▶ Supplied information
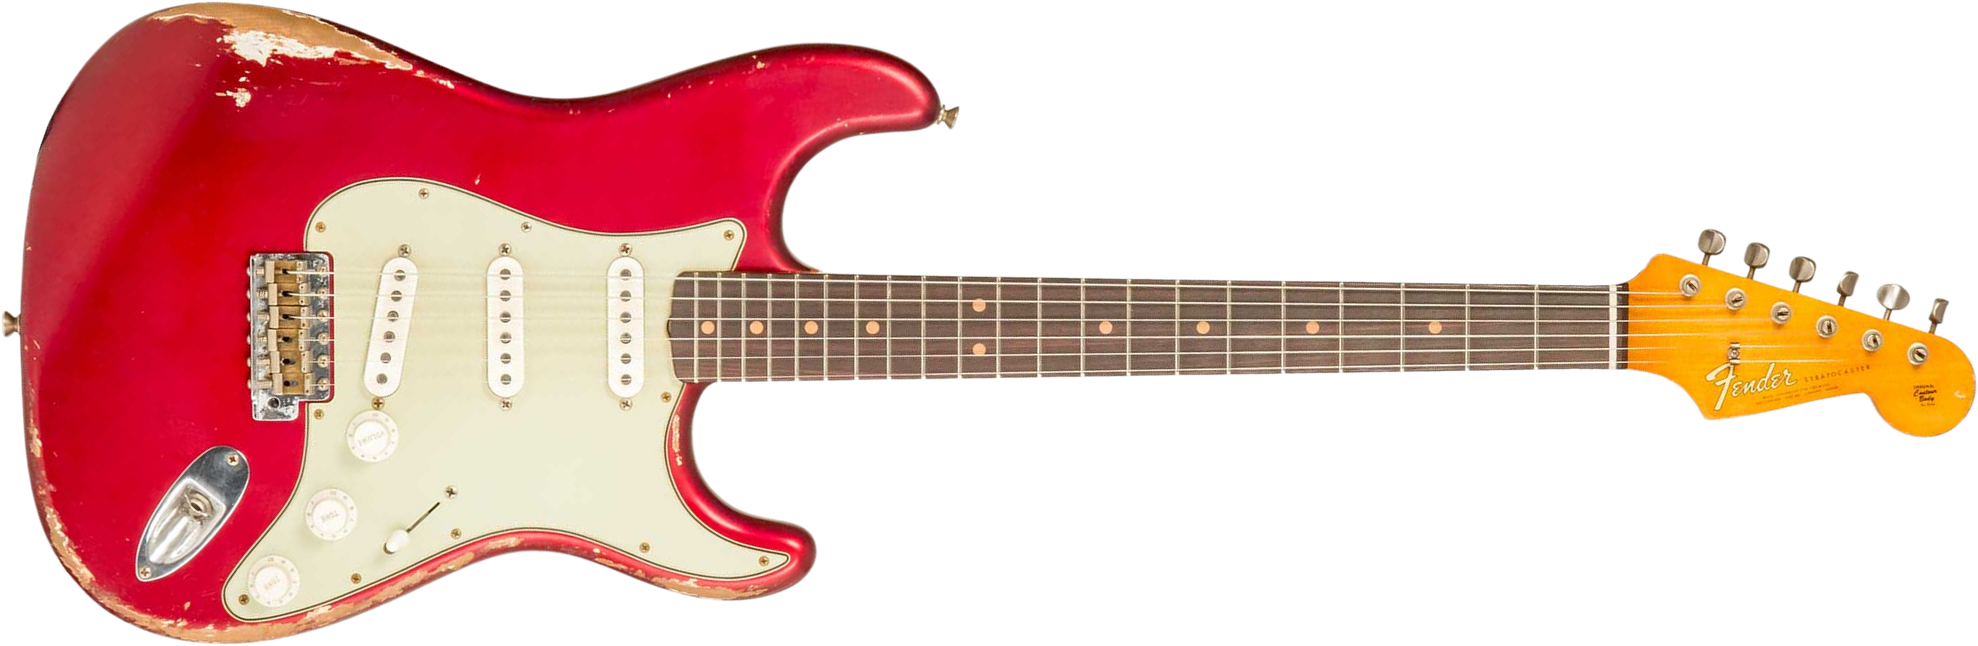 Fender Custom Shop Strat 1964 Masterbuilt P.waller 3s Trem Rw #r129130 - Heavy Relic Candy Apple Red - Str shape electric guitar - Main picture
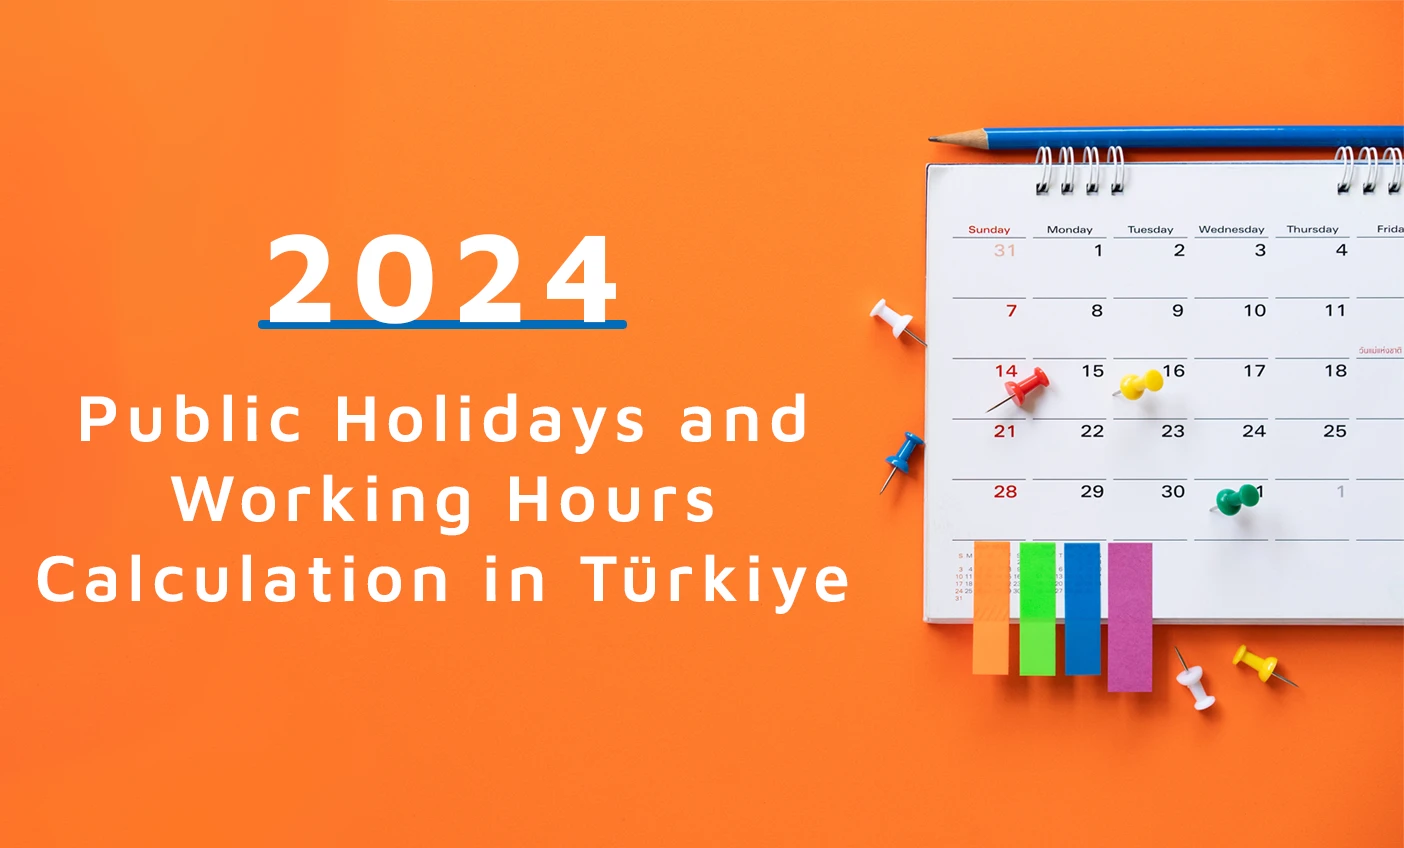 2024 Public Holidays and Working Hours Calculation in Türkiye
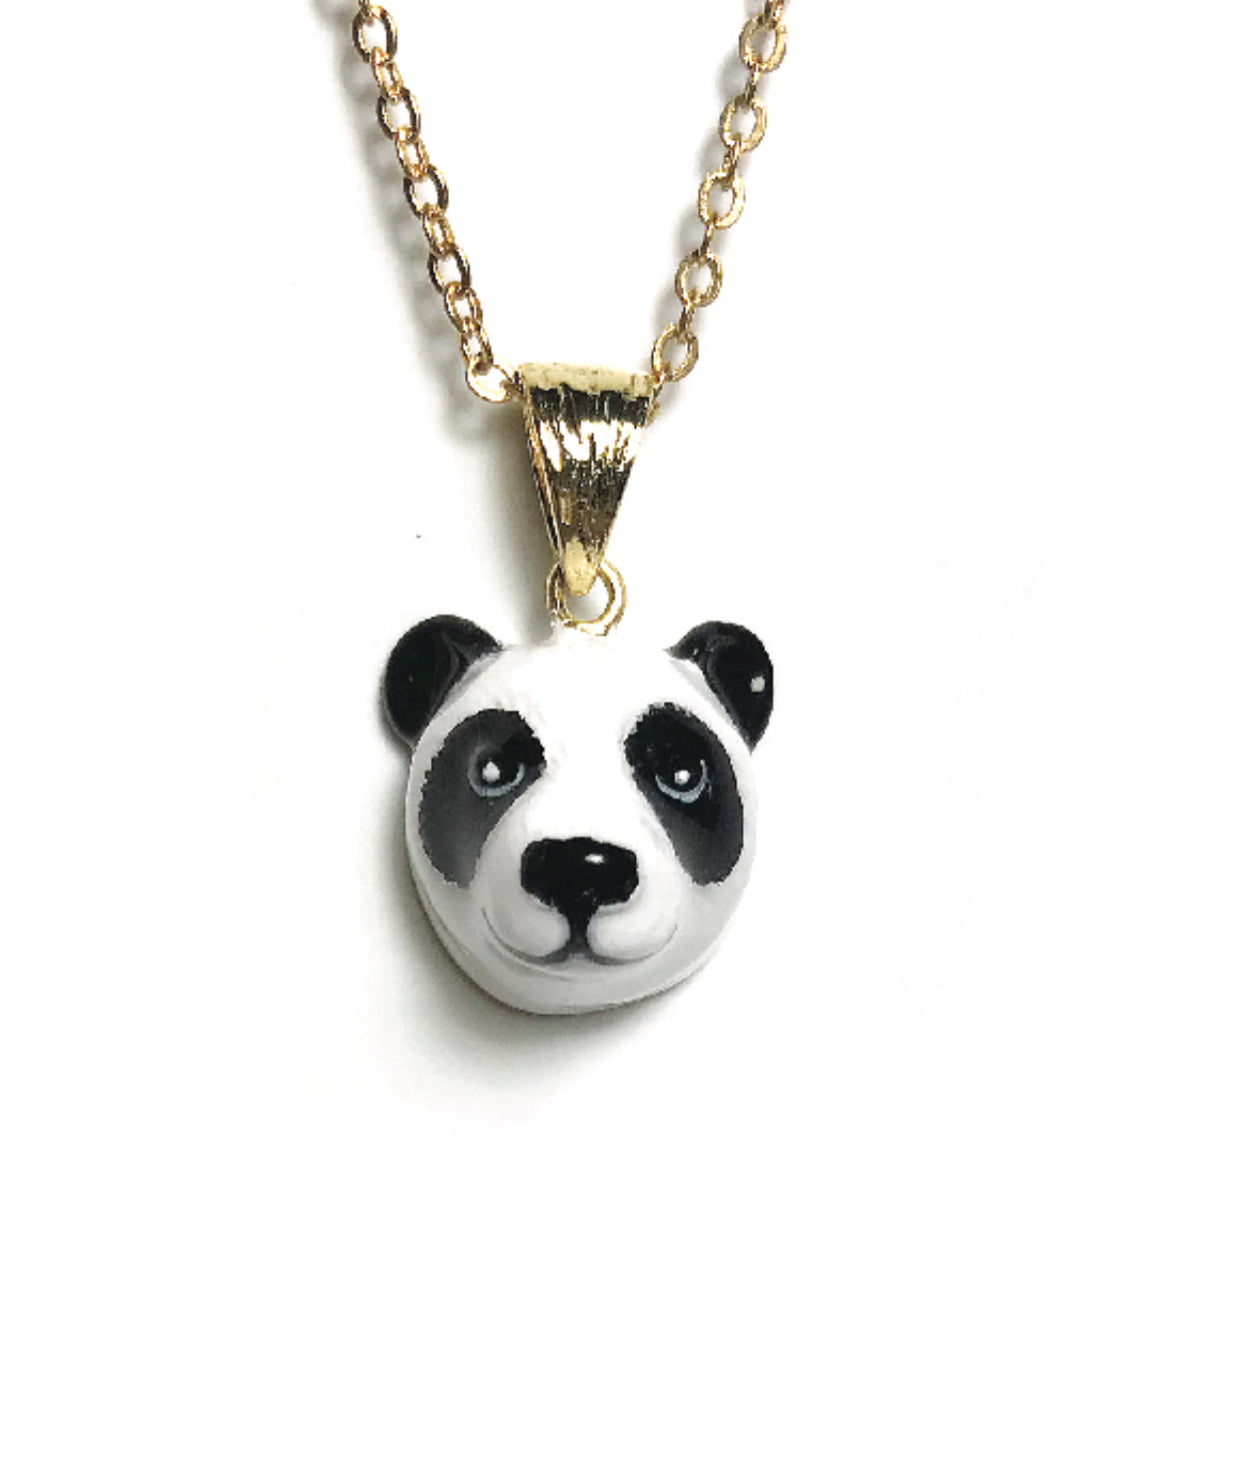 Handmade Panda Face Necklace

▶ Task description
Strip the images and return the remaining data exactly.

▶ Answer section
 Fender Custom Shop Strat 1964 Masterbuilt P.waller 3s Trem Rw #r129130 - Heavy Relic Candy Apple Red - Str shape electric guitar - Main picture
 2024 Public Holidays and Working Hours Calculation in Türkiye
 Handmade Panda Face Necklace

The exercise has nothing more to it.